The tooling you build once you arrive at those standards must strive to be exceptional. If your platform isn’t flexible enough to fully support the end user you will see a proliferation of one thing:
Exceptions
Even if your platform is indeed exceptional, there will inevitably be a request to deviate from the standards you define. There are a lot of ways to handle these situations. It should be rare that “you must do it this way” is the answer. We need to ensure that our platforms are flexible enough to handle one-off approaches or legacy services.
In these situations there are a few different options you have available to you:
1. Be available for architectural discussions for new services
Sometimes development teams can achieve their own end goals by using an approach they didn’t consider before simply because it’s not their area of expertise.
For example, maybe your standards dictate that one microservice can only include one Kubernetes deployment. A dev team needs to run a secondary workload though. They may not have considered that the secondary workload could be run as a sidecar container instead of bending the standards to allow for multiple deployments or by creating an entirely new microservice.
2. Work with the teams to change the architecture of their app
Maybe your platform states that health checks must conform to a specific standard endpoint, authentication method, and test criteria. There are legacy apps that don’t follow those standards though.
If this is a platform requirement, maybe the platform team could develop it’s own library which implements those health checks. Developers wouldn’t need to worry about the specifics and platform would get both consistency and centralized management of those health checks.
3. Change the standard
Sometimes development teams have legitimate requests that do require modifying the existing platform.

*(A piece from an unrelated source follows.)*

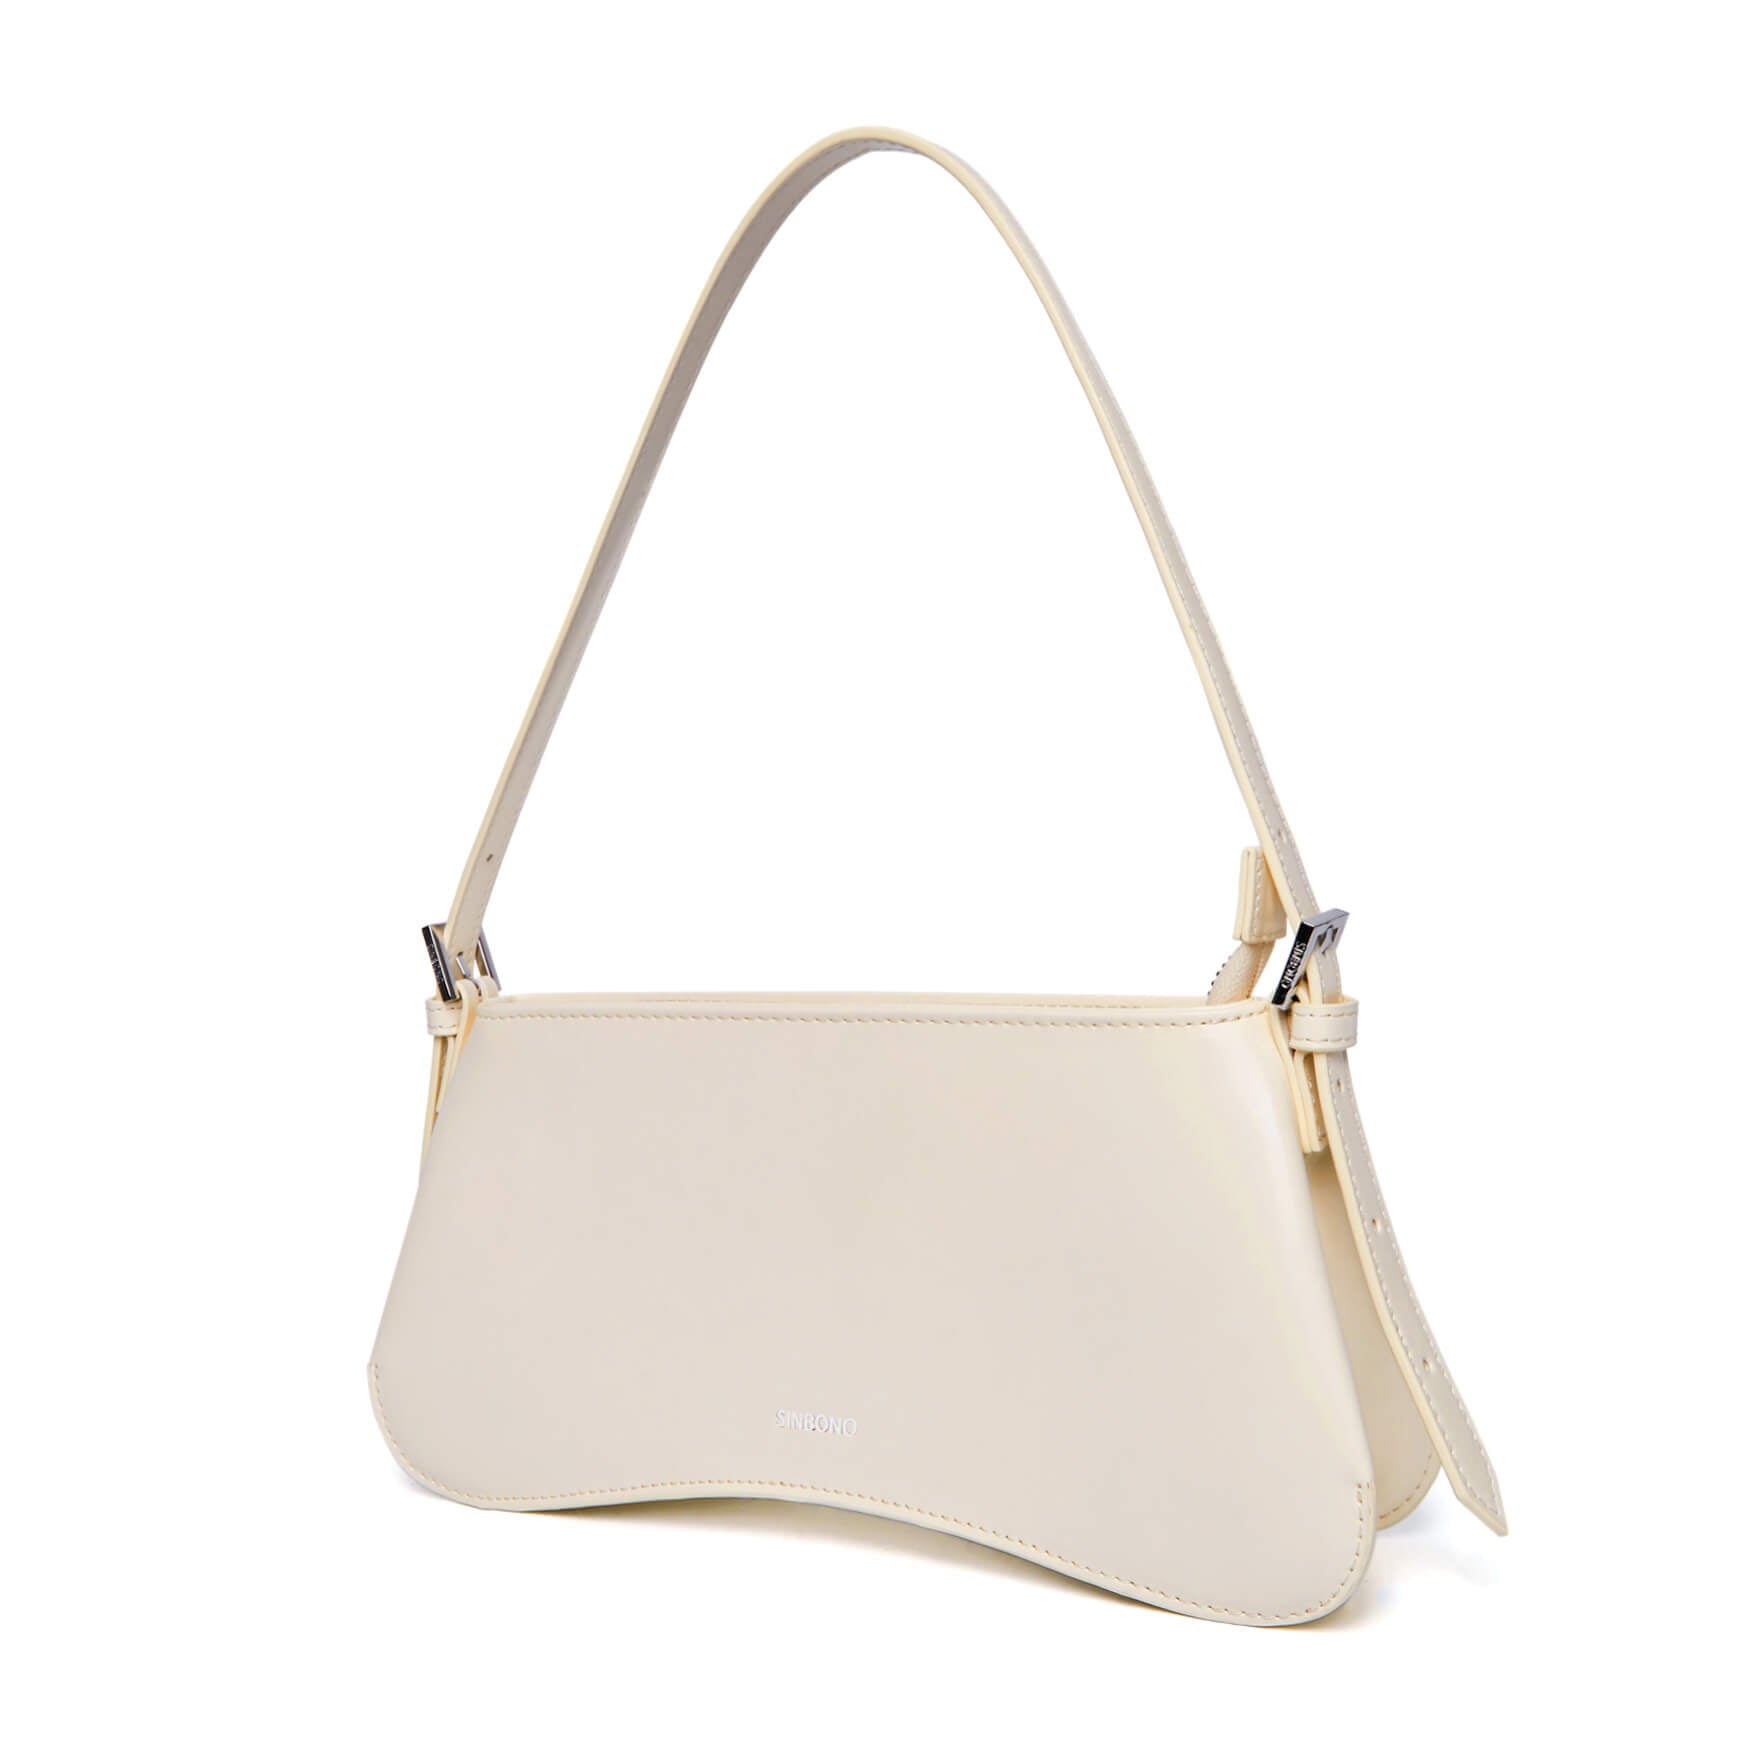 SINBONO Eva Shoulder Bag White - Vegan Leather Shoulder Bag

Maybe the platform mandates that metrics-based horizontal pod autoscaling and automatic vertical pod autoscaling be in place for any workload running in production. That might be overkill for a small service that only ever sees 20 requests per day. Are we going to require that of development teams or do they have more important things to do than evaluate horizontal scaling thresholds in their metrics? The standard might be better if it describes when an HPA and VPA are required rather than that they are required.
4. The service is considered “unsupported”
This is mostly a worst case scenario situation. It should only really be considered a fallback if the other approaches don’t work. In an ideal situation, your platform would be flexible enough that this approach could only be applied to specific aspects of an application rather than the application as a whole. Regardless, it is something that should be in your toolbox when the appropriate situation presents itself.
This approach would place the responsibility of things like build automation, manifest authoring, and runtime management exclusively onto the team owning the project. It requires understanding and cooperation from a few different key departments in the org to be successful:
- Platform needs to hold themselves to this requirement so that they are able to protect their ability to serve the wider majority of users. If one unsupported service consumes an outsized amount of platform’s engineer bandwidth with support requests it negatively affects the experiences of other teams.
- SRE needs to be aware that a service is unsupported or not for much the same reason but also so as not to undermine the decisions of platform or to get into a situation where SRE becomes an unintentional support channel for services running outside the established standards.
- Security needs to be able to implement guardrails so that information isn’t being unintentionally exposed or mishandled.
- Management need to support the decision of the platform team to hold firm on standards conformance. If standards can be bent and undermined, the standards cease to have any true meaning.